The `RubiconPipeline` itself is a Scikit-learn estimator, meaning that it can be leveraged
with any existing meta-estimator that Scikit-learn or a variety of other tooling suites
offer. The great part about integrating `rubicon-ml` into Scikit-learn is that so many other
tools have also decided to make the same integration, effectively giving `rubicon-ml` compatibility
with them as well.

`rubcion-ml` is particularly useful in evaluating hyperparamter- and feature-space searches while using
tools that levearage the Scikit-learn estimator specification. For this particular example, we'll use
the built-in `GridSearchCV`, but `rubicon-ml` can work with any searching tool that levearges the
Scikit-learn API like Optuna or Hyperopt.

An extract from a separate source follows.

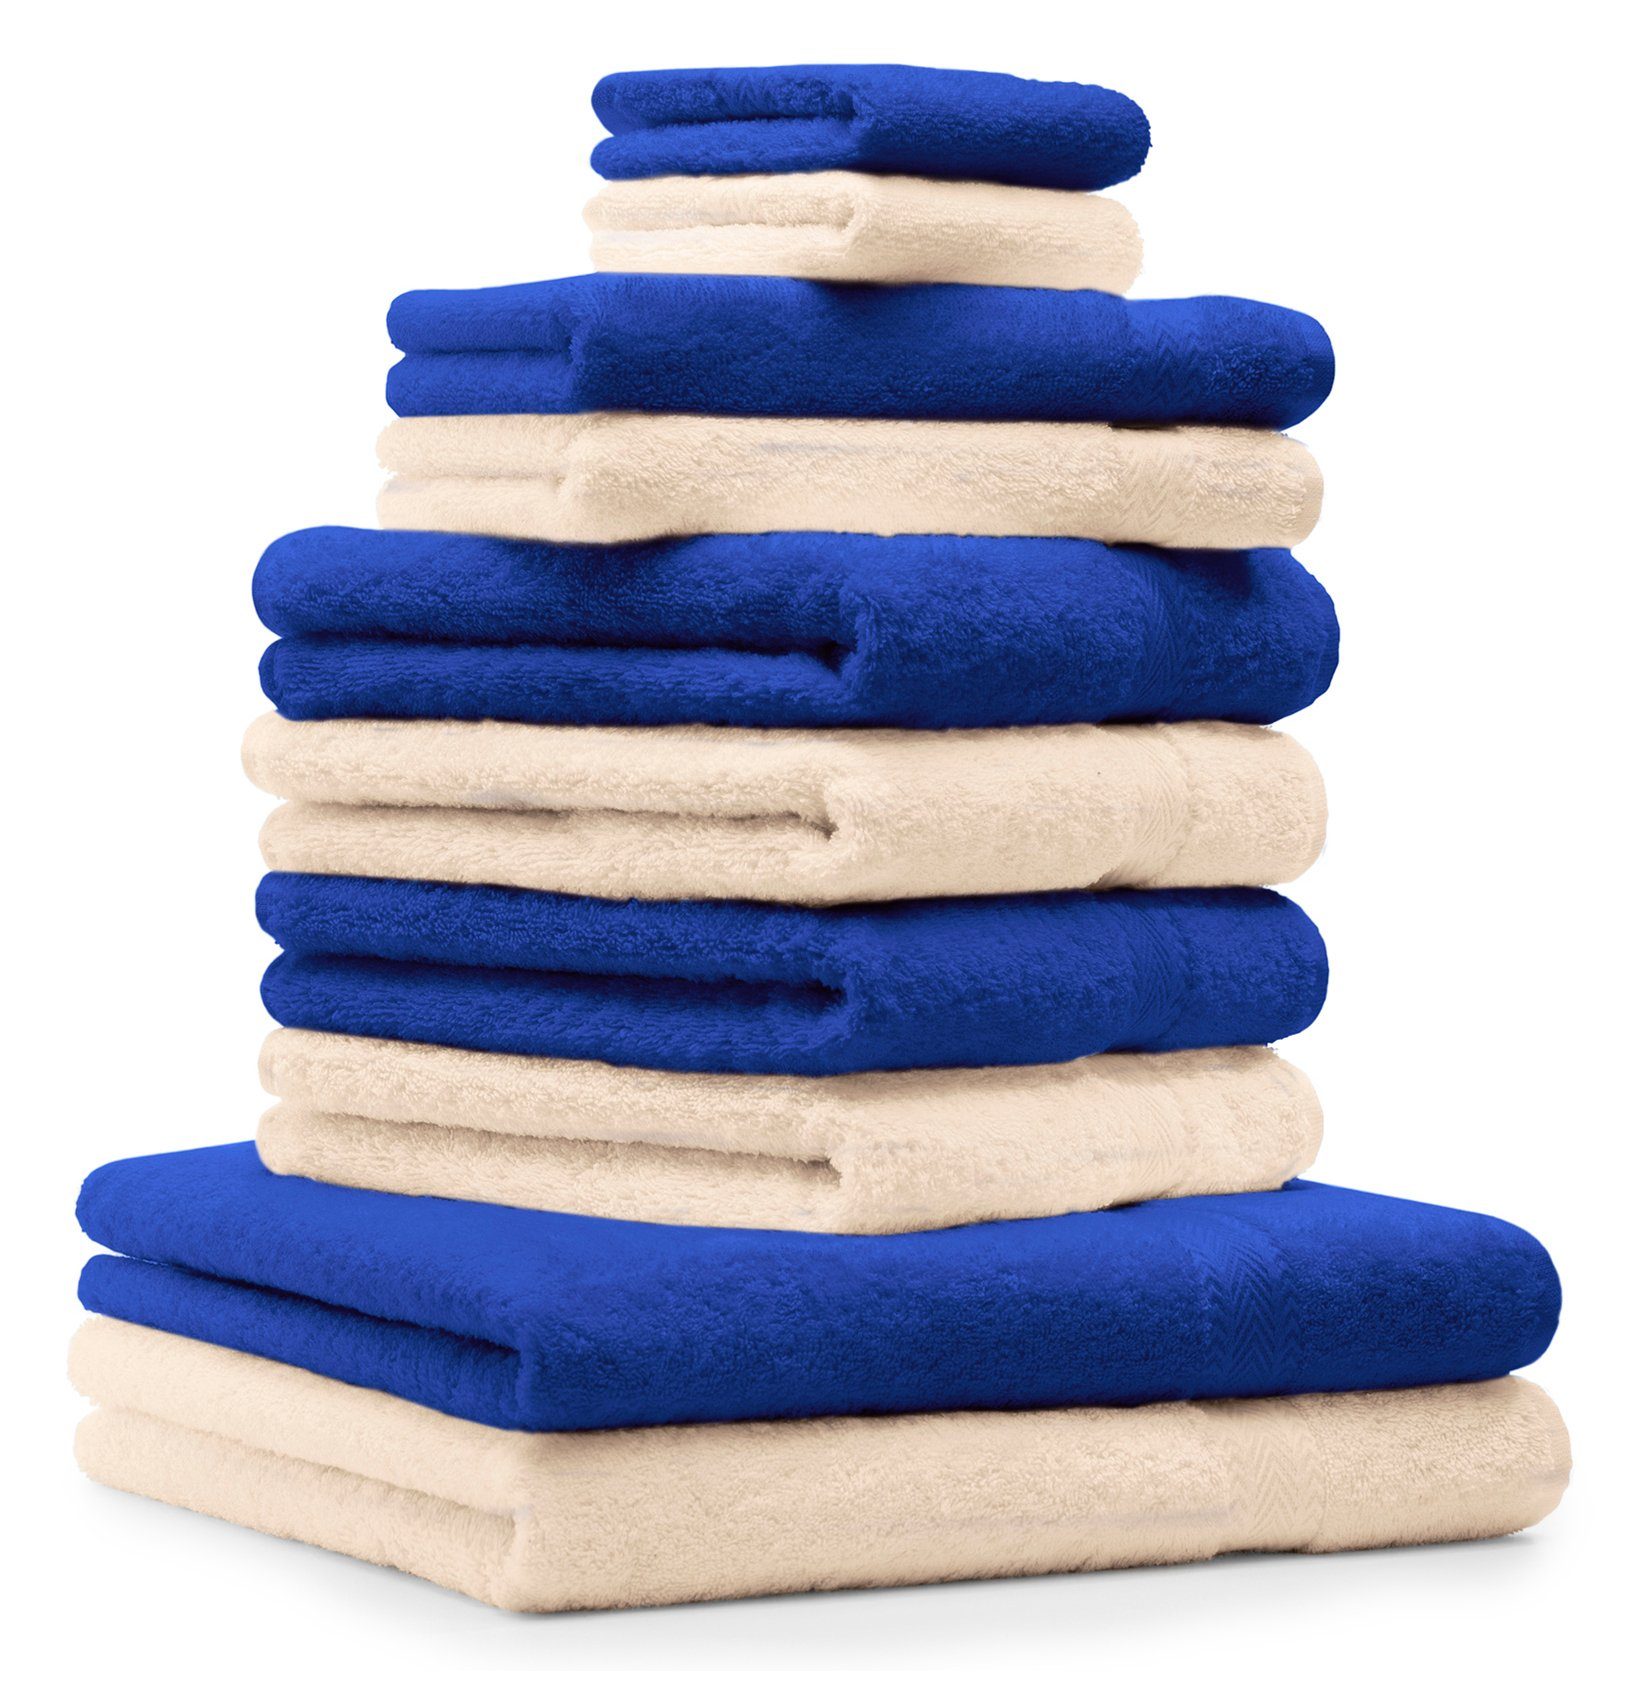 Betz Handtuch Set 10-TLG. Baumwolle Handtuch-Set royalblau Baumwolle Farbe CLASSIC beige, 100% und 100

The grid search below will train 36 separate models and automatically log an experiment representing
each of them to the newly created "grid search demo" project.

In [11]:
from sklearn.model_selection import GridSearchCV

parameters = {
    "si__strategy": ["mean", "median", "most_frequent"],
    "kn__n_neighbors": [2, 4, 8, 16, 32, 64],
}

grid_search_project = rubicon.get_or_create_project(name="grid search demo")
rubicon_penguin_pipeline.project = grid_search_project

grid_search = GridSearchCV(
    rubicon_penguin_pipeline,
    cv=2,
    param_grid=parameters,
    refit=False,
    verbose=True,
)

grid_search.fit(X_train, y_train)
grid_search_project.experiments()

Fitting 2 folds for each of 18 candidates, totalling 36 fits


[<rubicon_ml.client.experiment.Experiment at 0x1609a2020>,
 <rubicon_ml.client.experiment.Experiment at 0x1609a14e0>,
 <rubicon_ml.client.experiment.Experiment at 0x1609a1c60>,
 <rubicon_ml.client.experiment.Experiment at 0x1609a07c0>,
 <rubicon_ml.client.experiment.Experiment at 0x1609a18a0>,
 <rubicon_ml.client.experiment.Experiment at 0x1609a02b0>,
 <rubicon_ml.client.experiment.Experiment at 0x1609a1600>,
 <rubicon_ml.client.experiment.Experiment at 0x1609a0970>,
 <rubicon_ml.client.experiment.Experiment at 0x1609a1360>,
 <rubicon_ml.client.experiment.Experiment at 0x1609a0eb0>,
 <rubicon_ml.client.experiment.Experiment at 0x1609a1300>,
 <rubicon_ml.client.experiment.Experiment at 0x1609a0520>,
 <rubicon_ml.client.experiment.Experiment at 0x1609a00a0>,
 <rubicon_ml.client.experiment.Experiment at 0x1609a0b50>,
 <rubicon_ml.client.experiment.Experiment at 0x1609a0d60>,
 <rubicon_ml.client.experiment.Experiment at 0x1609a11e0>,
 <rubicon_ml.client.experiment.Experiment at 0x1609a0460

## widgets & visualizations

In a real-world scenario, many modelers will end up with hundreds, thousands or even more experiments.
Inspecting this many experiments via a Python interpreter can get messy quickly, so we designed a suite
of widgets that can run in-line in a notebook or on their own server to make exploring logged experiments
simpler!

All of the available visualizations can be found [here](https://capitalone.github.io/rubicon-ml/visualizations.html)
and we're always open to requests for new ones! The experiment table rendered in the following cell is
a simple overview of each of the experiments logged to a project.

In [12]:
from rubicon_ml.viz import ExperimentsTable

ExperimentsTable(experiments=grid_search_project.experiments()).show()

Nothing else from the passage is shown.